Meta-learning as a principle for human-like visual representations

Researchers at arXiv propose that meta-learning, or learning to learn, may explain why human visual representations are more flexible than those of pretrained neural networks. By training a sequence model on thousands of tasks without human data, they found meta-learned representations better predict human similarity judgments, semantic rule learning, and high-level visual cortex activity. The findings suggest human visual flexibility arises from the need to learn new semantic relationships quickly.
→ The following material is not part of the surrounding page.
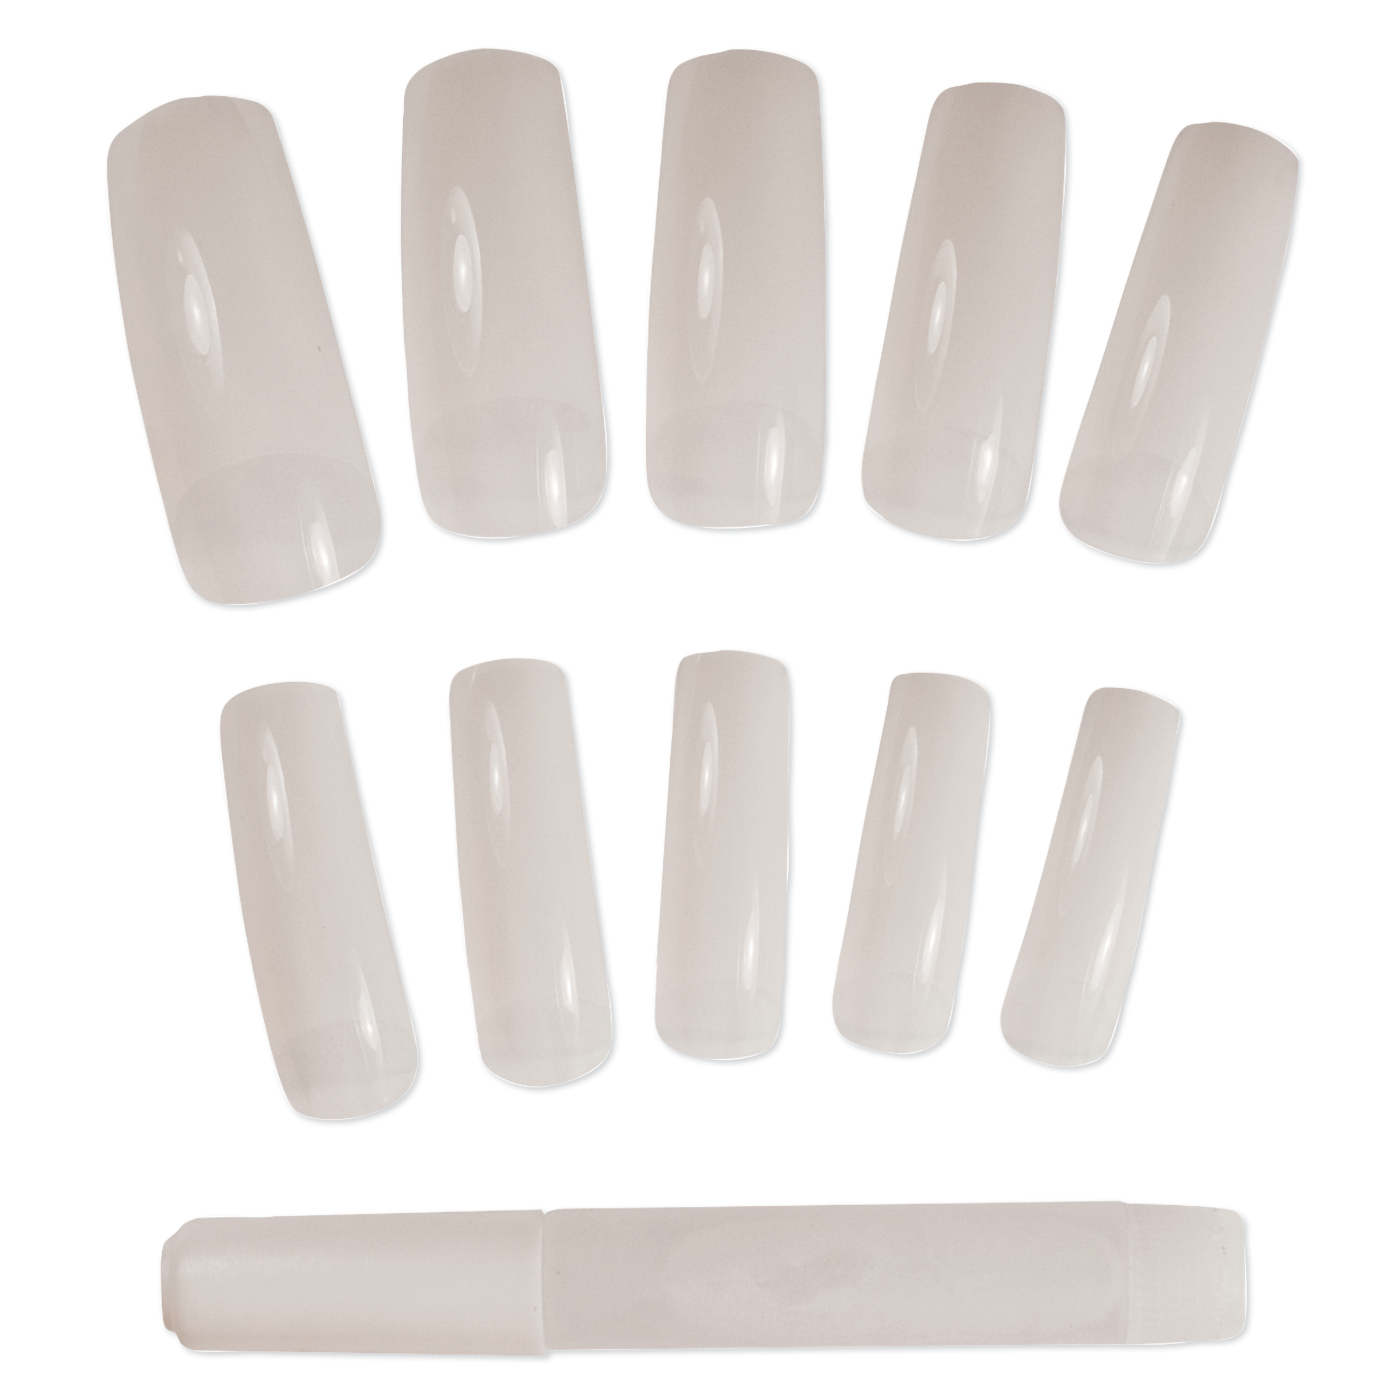 Nail Tips Kit with Nail Glue - 100 pc.

arXiv:2606.28399v1 Announce Type: new Abstract: The structure of human visual representations underpins our capacity for adaptive behaviour. While pretrained neural networks model human visual representations with unprecedented success, a large discrepancy remains. We propose one reason: these networks optimise a single fixed objective, whereas human representations must support open-ended tasks. We hypothesise this flexibility arises from meta-learning learning to learn , a pressure shaping representations to acquire new tasks from few observations. To test this, we train a sequence model, without any supervision from human data, across thousands of semantically rich tasks mapping images to high-level concepts. Compared to their pretrained base encoders, meta-learned representations better predict human similarity judgements, semantic rule learning, and high-level visual cortex. Behavioural gains depend on disentangled, high-level task distributions, while brain alignment is driven primarily by the learning-to-learn pressure. Our results suggest the flexibility of human visual representations reflects the functional demand to learn new semantic relationships on the fly.